1917, или Дни отчаяния — страница 97 из 114

Терещенко выбегает прочь. Хлопает входная дверь.

Елизавета Михайловна стоит посреди гостиной с каменным выражением лица, прямой негнущейся спиной и гримасой превосходства на высохшем лице. Потом делает шаг к столу, на котором стоит ваза с цветами, и резким движением сметает ее на пол.


Сентябрь 1918 года. Христиания. Порт

На якоре, неподалеку от берега, стоит «Иоланда».

Терещенко смотрит на корабль с кормы моторной лодки, который везет его к яхте. На румпеле – Бертон.

Шлюпка под мерное кудахтанье мотора скользит по гладкой воде гавани.

Терещенко поднимается по навесному трапу и идет по палубе.

Ларс следует за ним, но в отдалении.

Судно не такое, каким мы его помним. Затертая палубная доска, истершийся лак на перилах, потускневшие медные леера. Чувствуется, что корабль многое перенес за прошедшие годы.

Михаил спускается во внутренние помещения – они переделаны под госпитальные нужды. Койки, койки, койки… Кое-где на панелях красного дерева выцарапаны имена, названия городов. Терещенко проходит по каютам, касаясь рукой стен, словно стараясь запомнить их структуру.

Бертон тенью следует за ним.

Наверху, в салоне, тоже все переделано: тут, судя по всему, была операционная.

Михаил выходит на палубу и становится у борта, опершись локтями на леер. Бертон останавливается рядом.

– Что нам предлагают? – спрашивает Терещенко.

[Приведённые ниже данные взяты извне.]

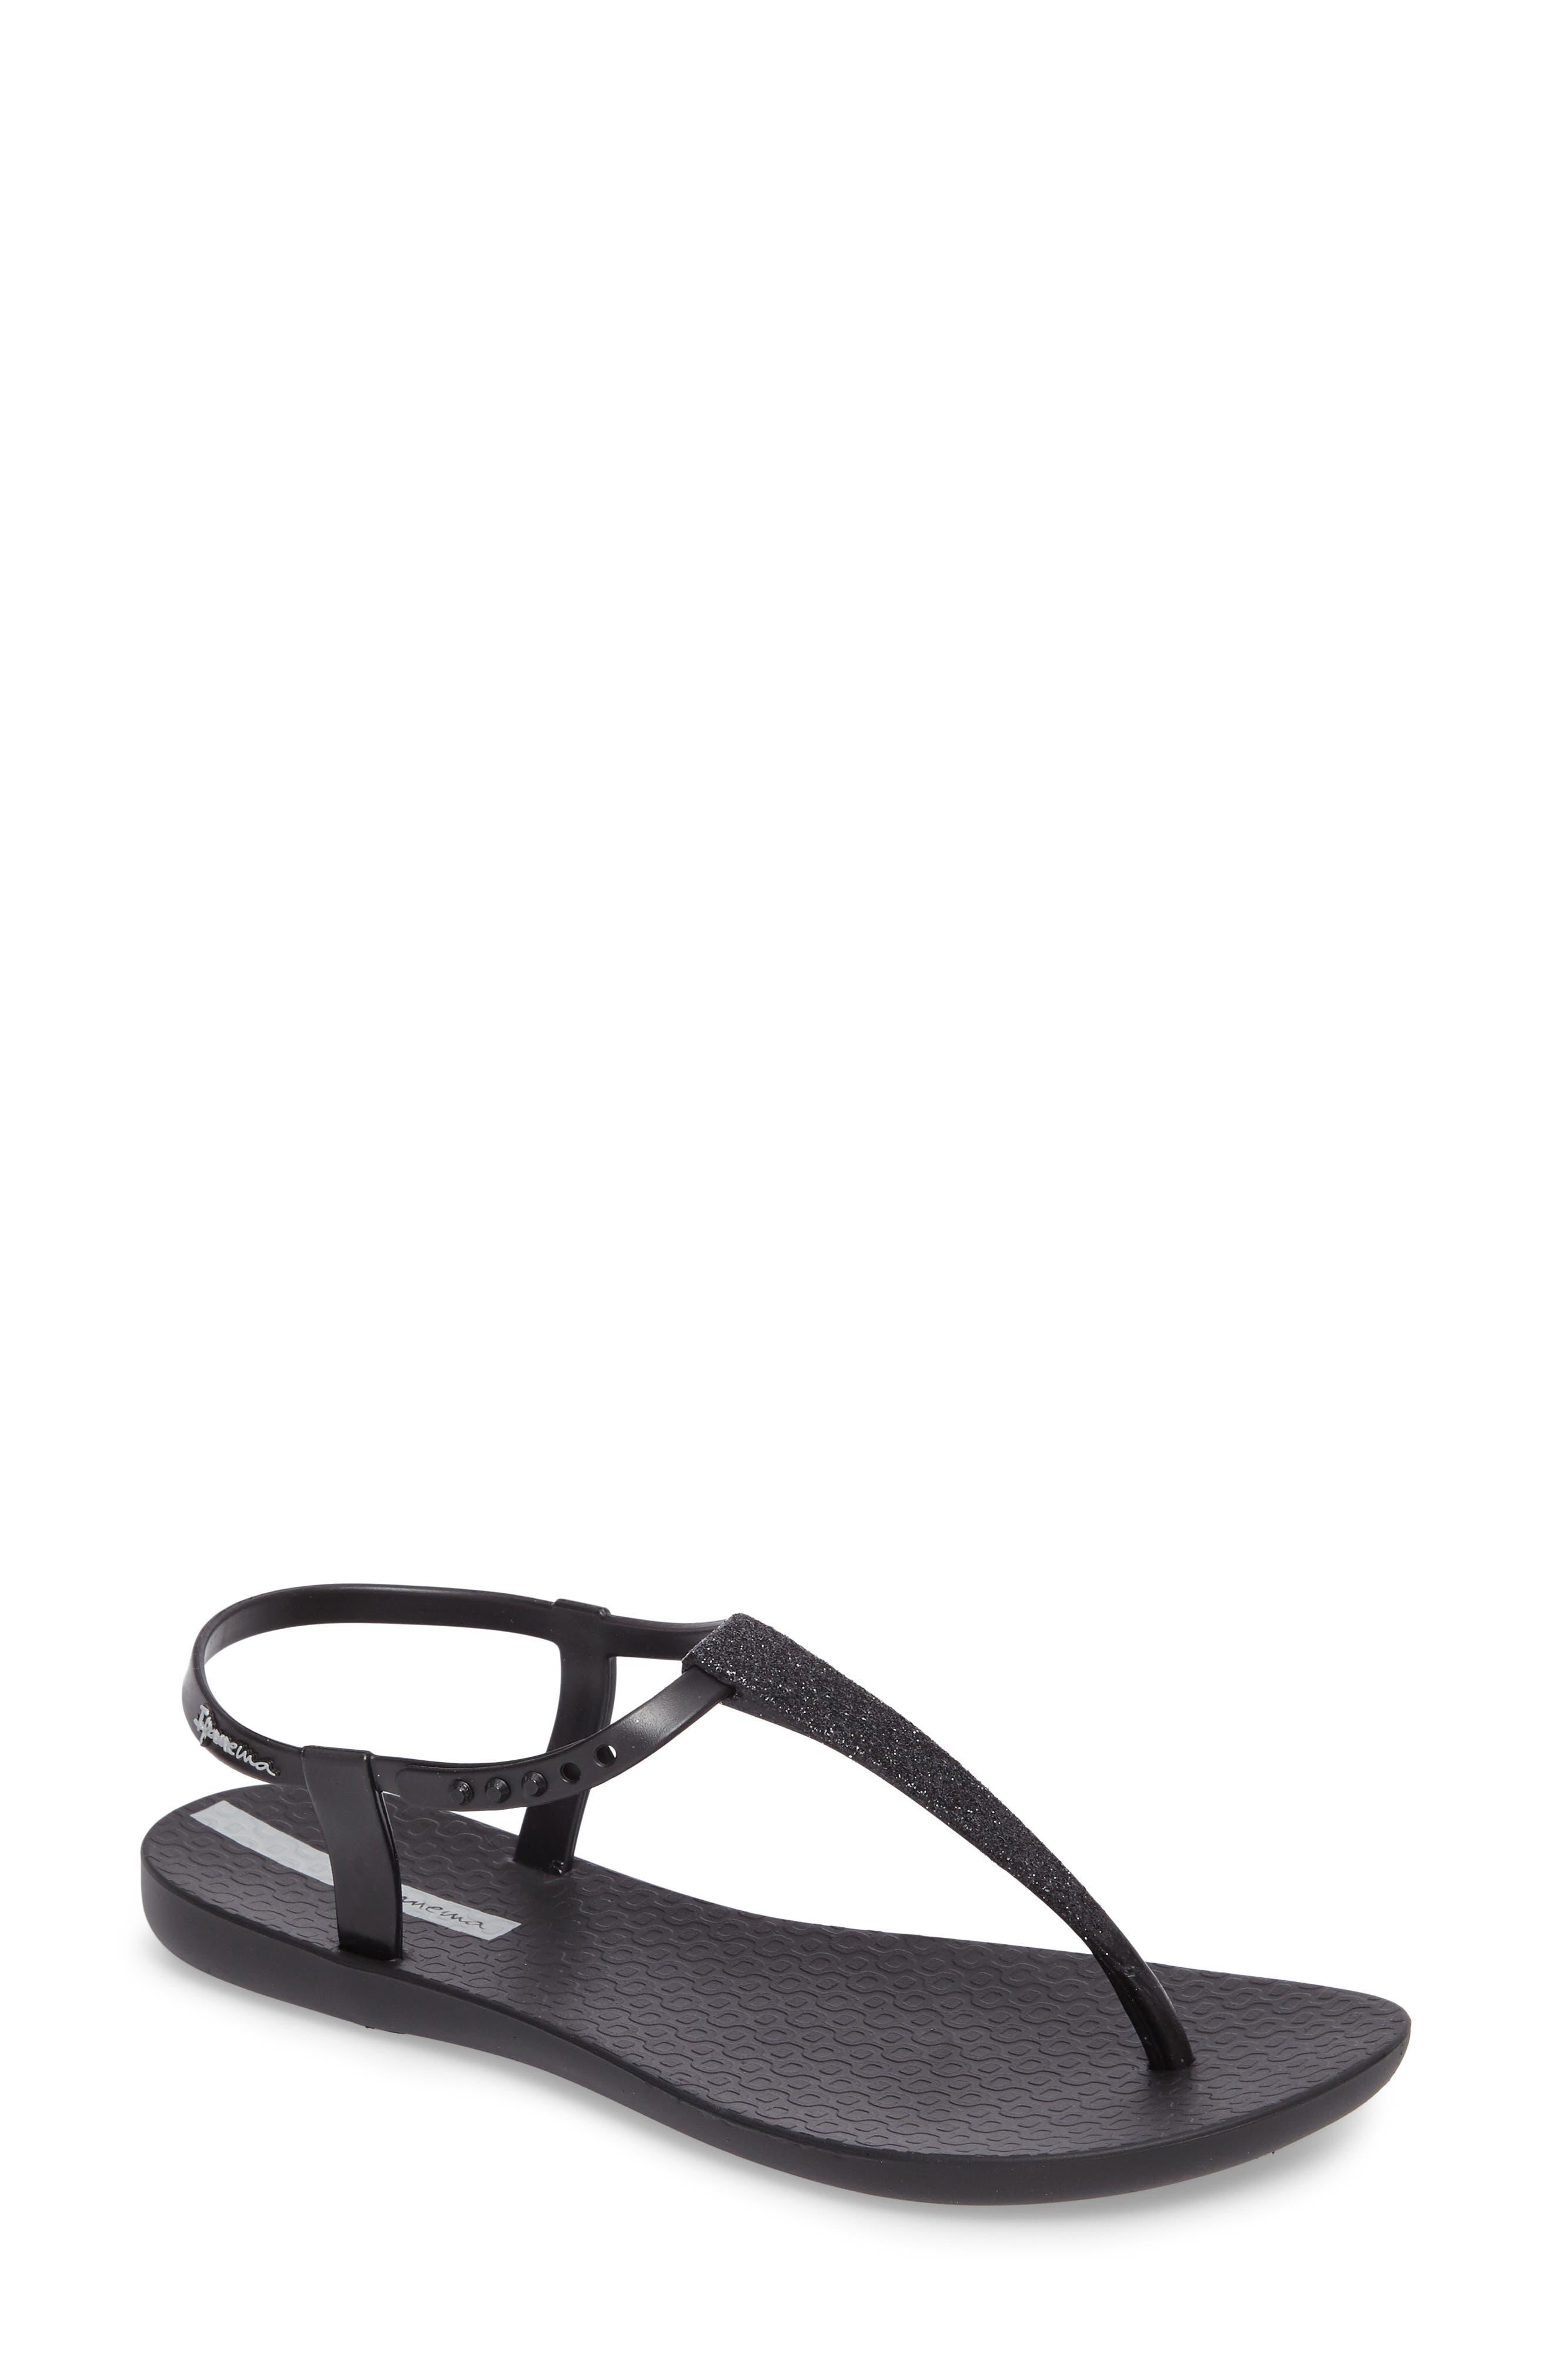 Shimmer Sandal,                             Main thumbnail 1, color,                             001

– Восемьдесят восемь тысяч фунтов чистыми.

– Не густо…

– Они сами восстановят интерьеры, проведут ремонт и сделают ревизию машинам. Это дорого по нынешним временам. Потом будут искать покупателя.

– Знаешь, Ларс… Это уже не моя «Иоланда»…

– Твоя, Мишель. Только раньше она была роскошной игрушкой, а теперь это судно с историей. Она повзрослела…

– Это я повзрослел.

– Ты решил?

– Да.

– Завтра я поведу ее в Саутгемптон. Хочешь что-то на память?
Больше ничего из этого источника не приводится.